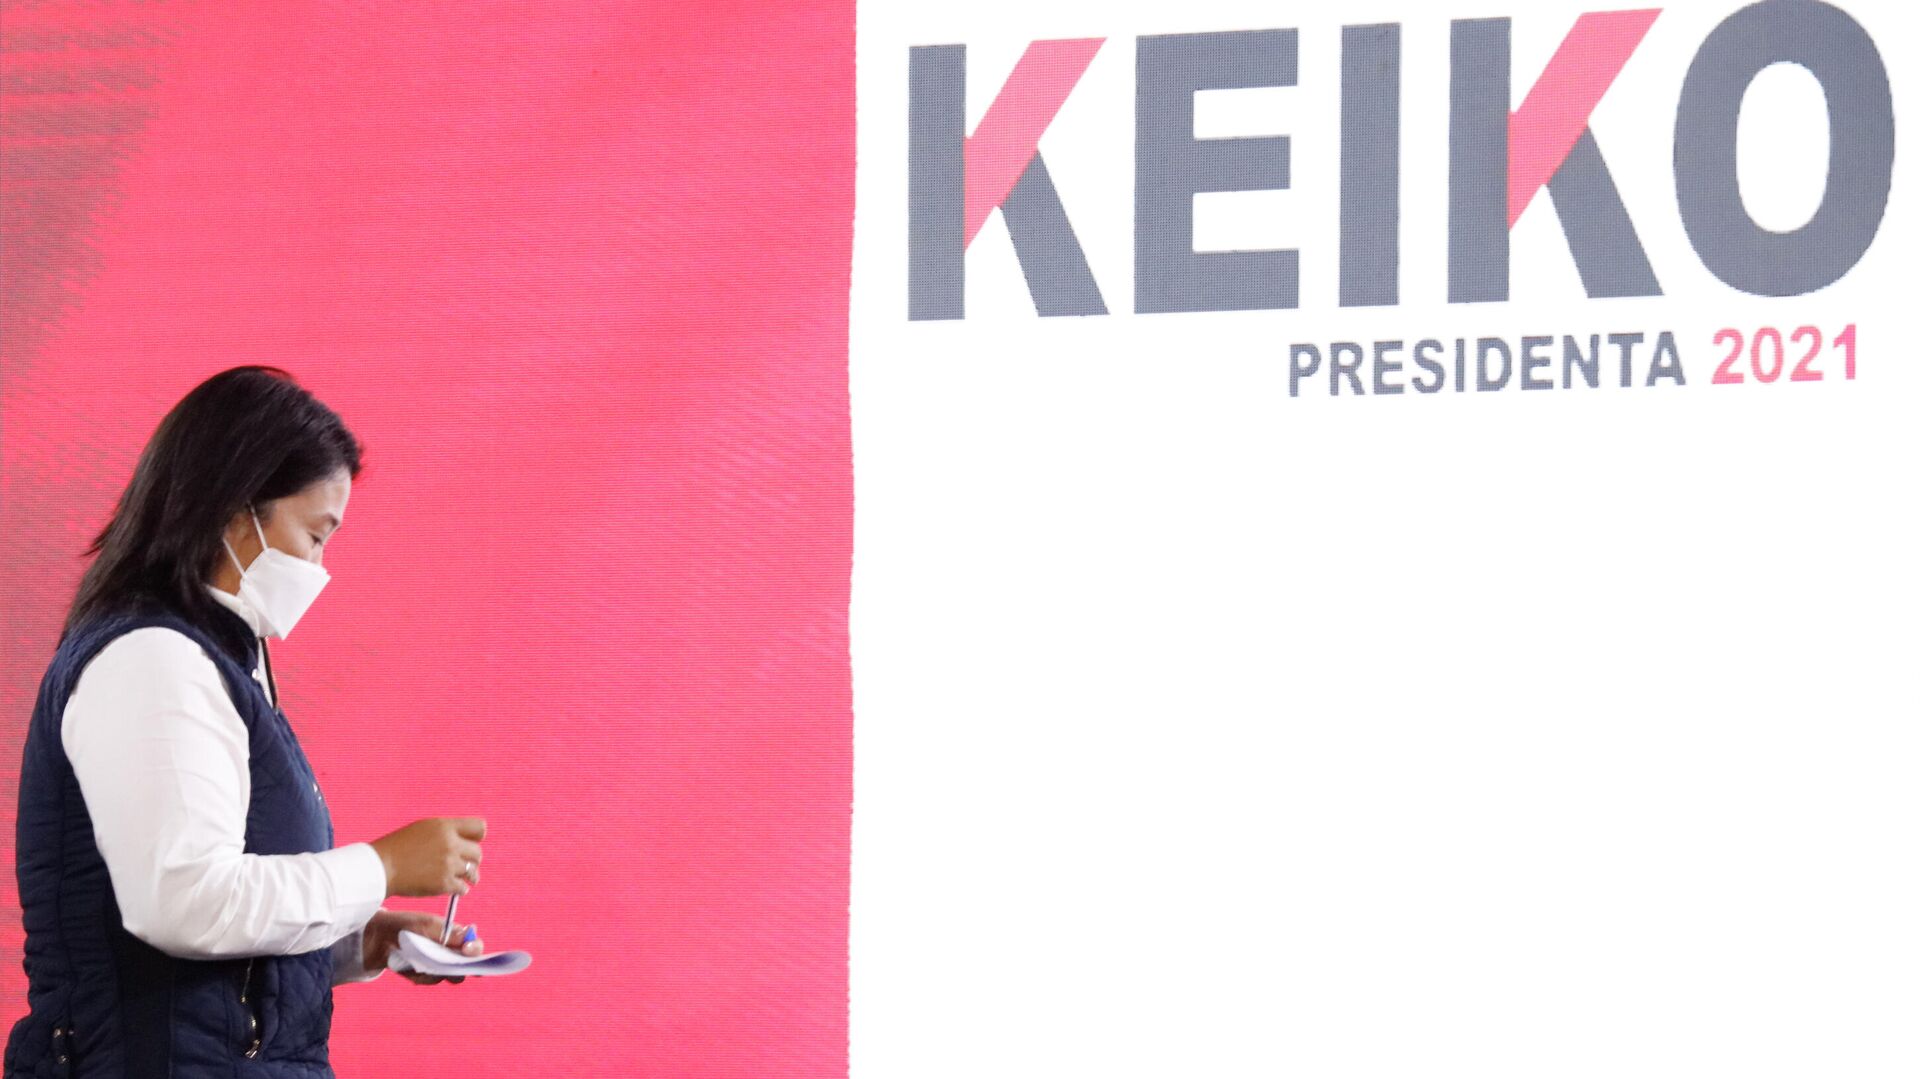 La candidata a la Presidencia, Keiko Fujimori, luego de denunciar fraude en las elecciones de 2021 - Sputnik Mundo, 1920, 23.08.2021
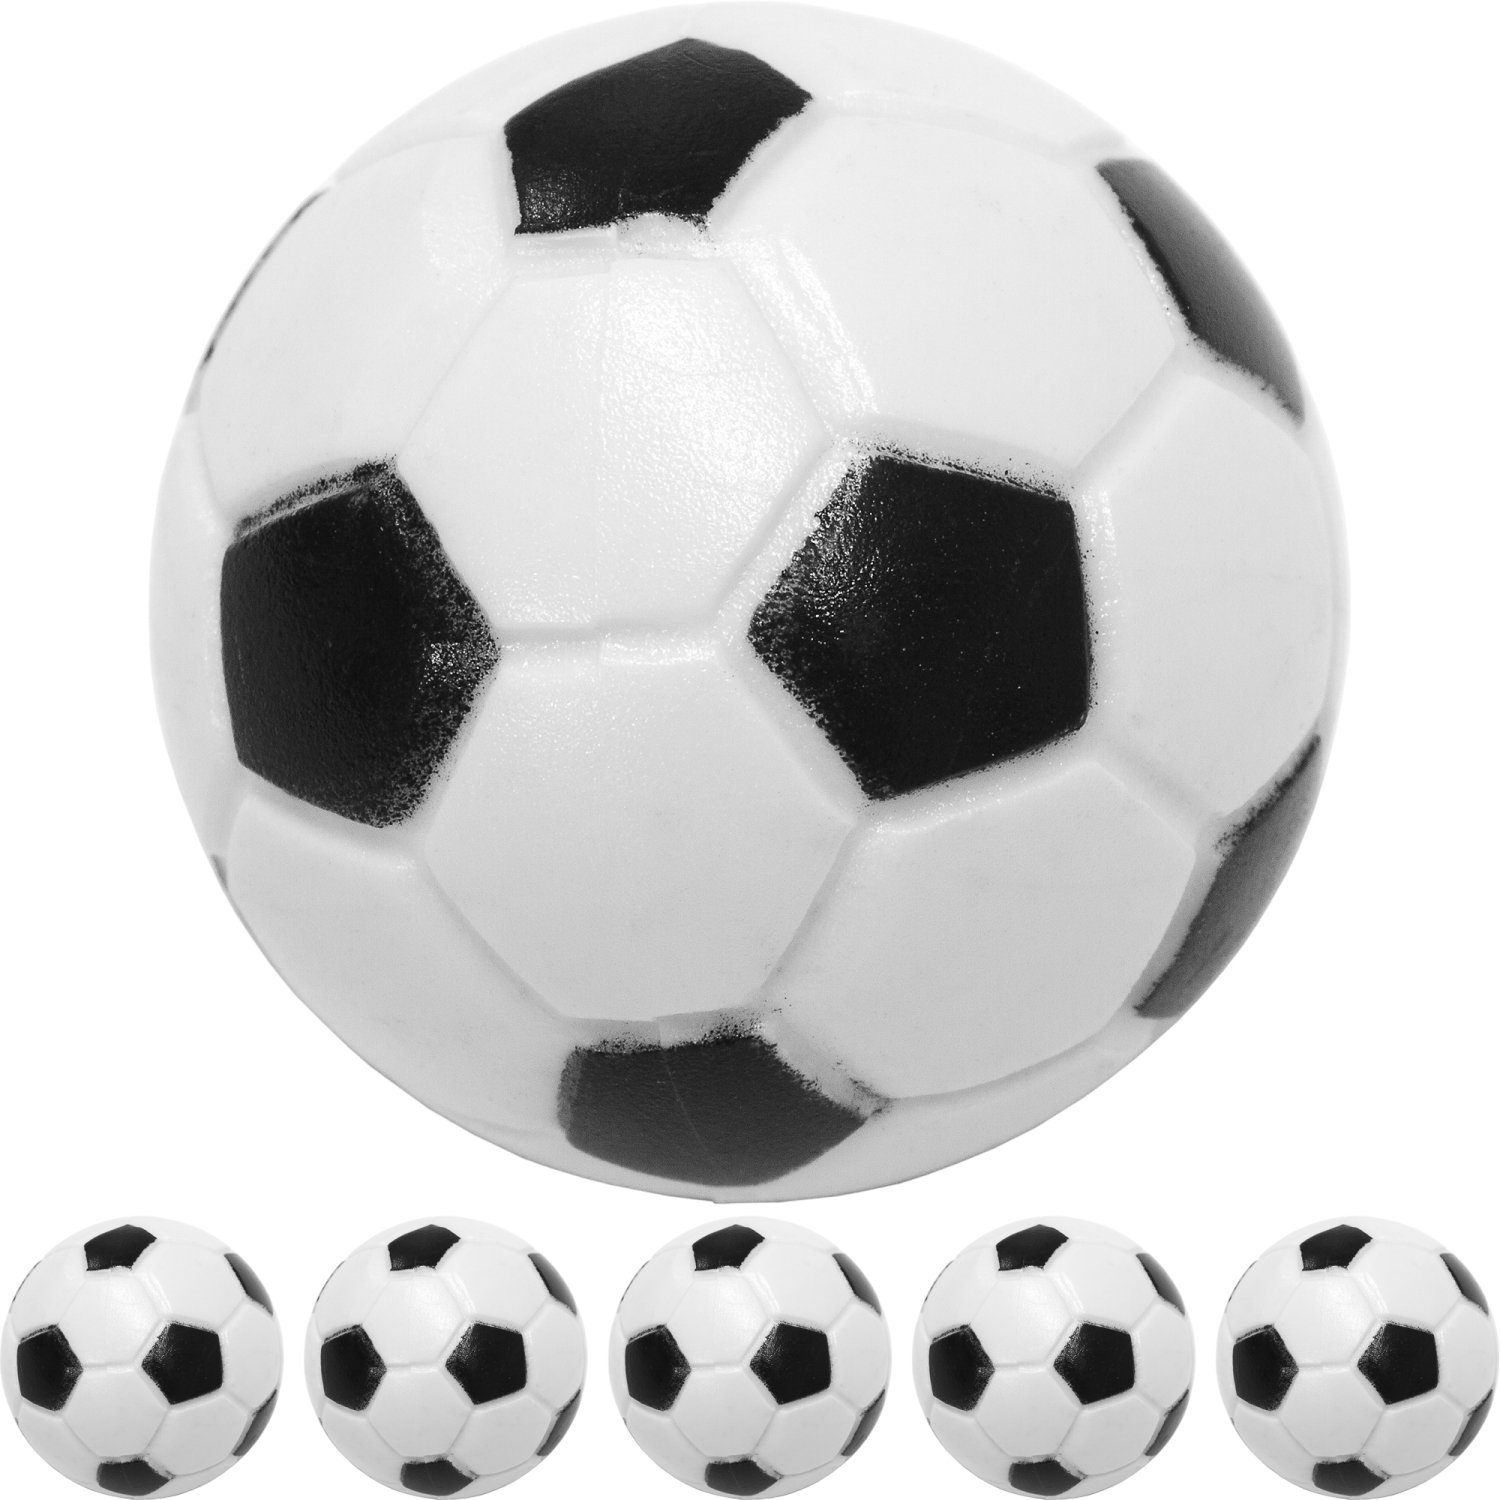 PLANET Bälle, schnell, 31mm, Kickerbälle oder 5er 5 Planet Fußball-Optik), Tischfussball Kicker (Klassische 10 und Stück Durchmesser GAMES Pack), Ball schwarz/weiß hart Spielball (Set, Farbe: Games
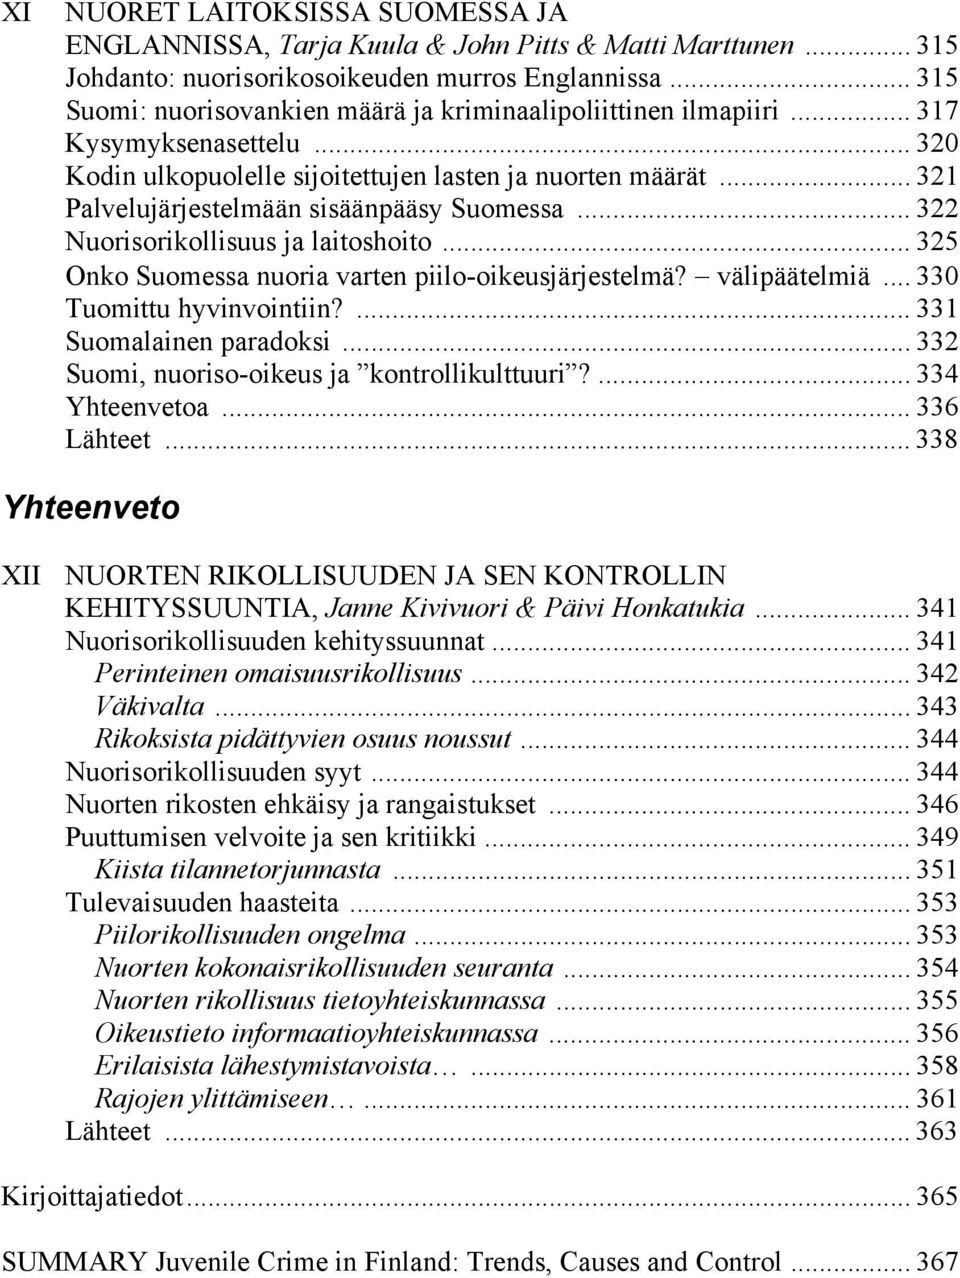 .. 321 Palvelujärjestelmään sisäänpääsy Suomessa... 322 Nuorisorikollisuus ja laitoshoito... 325 Onko Suomessa nuoria varten piilo-oikeusjärjestelmä? välipäätelmiä... 330 Tuomittu hyvinvointiin?

__HOW TO COMPLETE THIS TASK__
Without the pictures, retype the whole of the material above exactly.

__RESPONSE FOR THIS EXERCISE__
 La candidata a la Presidencia, Keiko Fujimori, luego de denunciar fraude en las elecciones de 2021 - Sputnik Mundo, 1920, 23.08.2021
 PLANET Bälle, schnell, 31mm, Kickerbälle oder 5er 5 Planet Fußball-Optik), Tischfussball Kicker (Klassische 10 und Stück Durchmesser GAMES Pack), Ball schwarz/weiß hart Spielball (Set, Farbe: Games
 .. 321 Palvelujärjestelmään sisäänpääsy Suomessa... 322 Nuorisorikollisuus ja laitoshoito... 325 Onko Suomessa nuoria varten piilo-oikeusjärjestelmä? välipäätelmiä... 330 Tuomittu hyvinvointiin?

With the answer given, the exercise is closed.